Super Survey is an idea generated by my somewhat eclectic college education but one that I think might have broad appeal.
I spent my freshman year at Kenyon College where I expected to be a biology major. I had placed out of Intro Biology by getting a good score on my Advanced Placement Biology test but somehow got shut out of the next biology class and so ended up taking Intro to Philosophy...and discovered that I loved it.
I transfered to Wesleyan University after freshman year and continued to take philosophy classes as well as computer classes. I spent a junior year semester at Goldsmith's College of the University of London. All in all I took classes in 14 different departments:
athletics (fencing)
anthropology
biology
chemistry
economics
english
geography
government
math
music
philosophy
political science
psychology
religion
I got to thinking that most people didn't get the opportunity to take such a broad range of classes, or if they did it happened during senior year. I can't imagine only discovering my passion at the end of my college career.

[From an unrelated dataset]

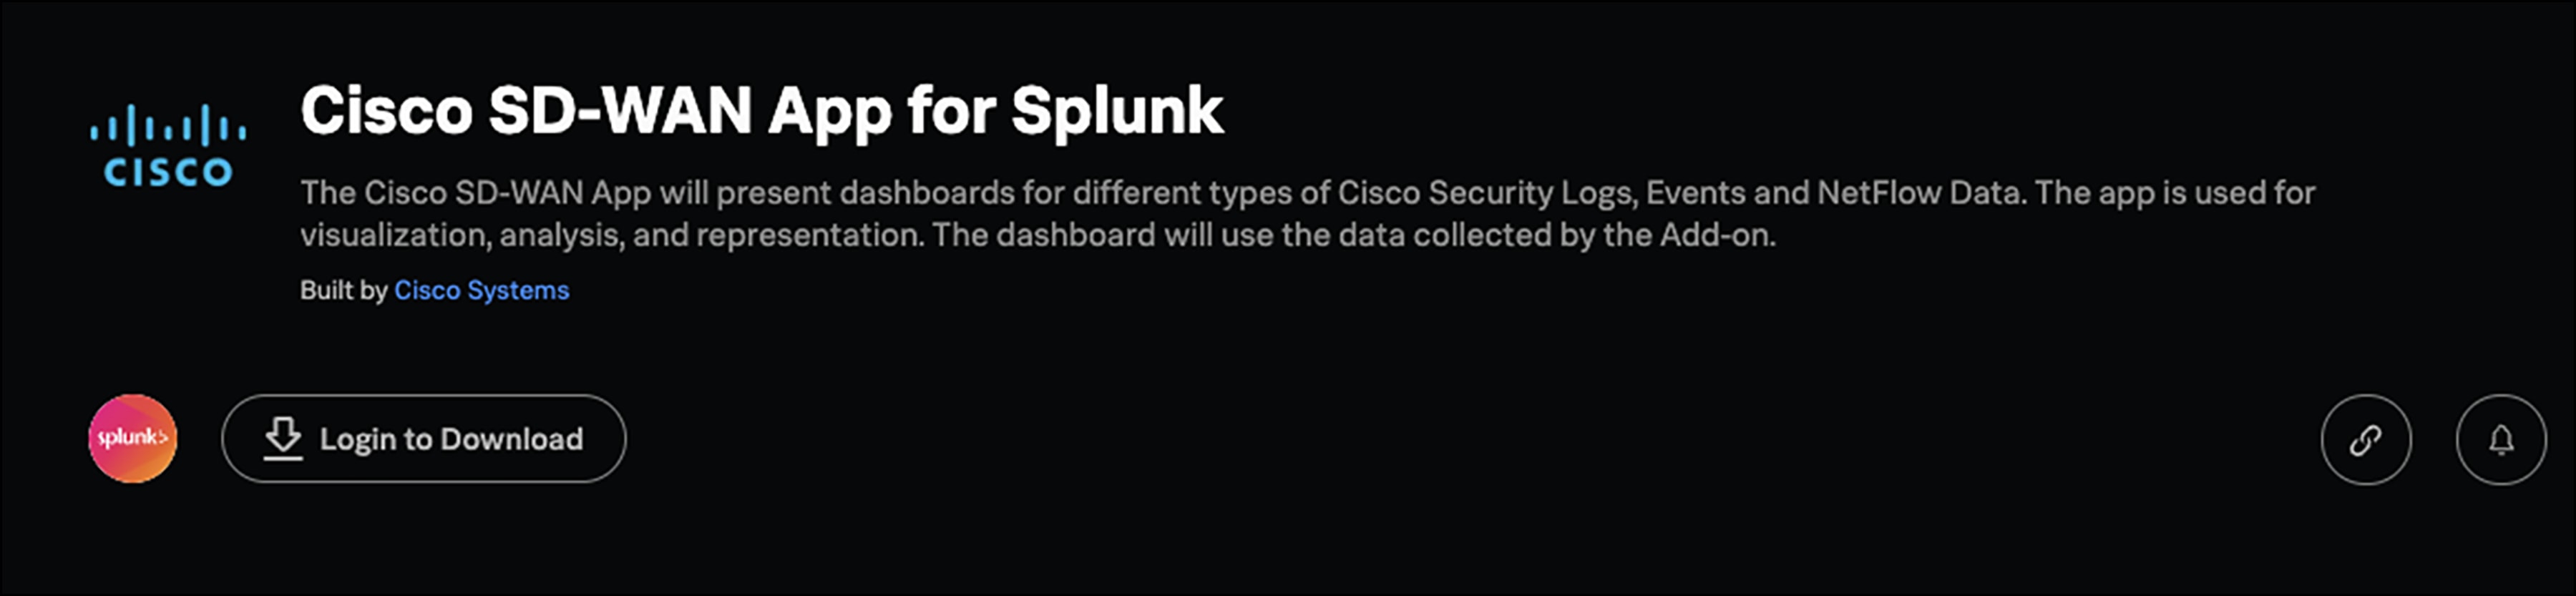 Cisco SD-WAN Application on Splunkbase

Super Survey is the simple idea of having each class be the Introductory lecture of a different department. In a 3 day a week class with a 13 week semester you can exposed to 39 or so departments. The class would be pass/fail based on attendance so the effort for the students would be low. Each department only has to give one lecture so the effort for them would be low as well; though they have incentive to make it a good lecture.
The smaller departments have a special incentive to give a good lecture as they can almost always use more students. If a school has more than 39 departments they could ration participation in the class to give preference to the departments with lower enrollment
When I look at a course catalog I'm struck by the departments I never touched (at least undergraduate), at least that list is shorter than the list of departments where I did study:
art history
astronomy
dance
history (don't get me started on how badly we teach history, see * below)
linguistics (took post-grad)
physics (took post-grad)
* In Junior and Senior High School we studied the revolutionary war every year. We never studied any non-US history, and we never studied even US history after the revolution. I can tell you when the War of 1812 happened, and who the Spanish-American war was between, but that's about the limit of my knowledge. For a high end school system (Winchester, MA) that's pathetic.
When I tried to take history in college I found the classes to have a micro-focus such as "The Japanese Imperial Court from 1901-1902" (I'm not making up that title). I was looking for (and am still looking for) what I'd call Meta-History...what Jared Diamond writes about...the large scale sweeping trends of history.